## Your task
Write out all of the entries below word for word.

Dataset excerpts
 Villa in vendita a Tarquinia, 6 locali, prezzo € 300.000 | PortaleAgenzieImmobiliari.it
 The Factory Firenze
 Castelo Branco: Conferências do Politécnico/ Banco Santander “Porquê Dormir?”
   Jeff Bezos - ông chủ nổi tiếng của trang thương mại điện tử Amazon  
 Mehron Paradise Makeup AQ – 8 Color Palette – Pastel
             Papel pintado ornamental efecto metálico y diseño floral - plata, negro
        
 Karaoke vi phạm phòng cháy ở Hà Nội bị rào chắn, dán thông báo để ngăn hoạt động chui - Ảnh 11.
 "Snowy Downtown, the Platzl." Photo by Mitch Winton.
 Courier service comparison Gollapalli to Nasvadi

## Output for this task
 Villa in vendita a Tarquinia, 6 locali, prezzo € 300.000 | PortaleAgenzieImmobiliari.it
 The Factory Firenze
 Castelo Branco: Conferências do Politécnico/ Banco Santander “Porquê Dormir?”
   Jeff Bezos - ông chủ nổi tiếng của trang thương mại điện tử Amazon  
 Mehron Paradise Makeup AQ – 8 Color Palette – Pastel
             Papel pintado ornamental efecto metálico y diseño floral - plata, negro
        
 Karaoke vi phạm phòng cháy ở Hà Nội bị rào chắn, dán thông báo để ngăn hoạt động chui - Ảnh 11.
 "Snowy Downtown, the Platzl." Photo by Mitch Winton.
 Courier service comparison Gollapalli to Nasvadi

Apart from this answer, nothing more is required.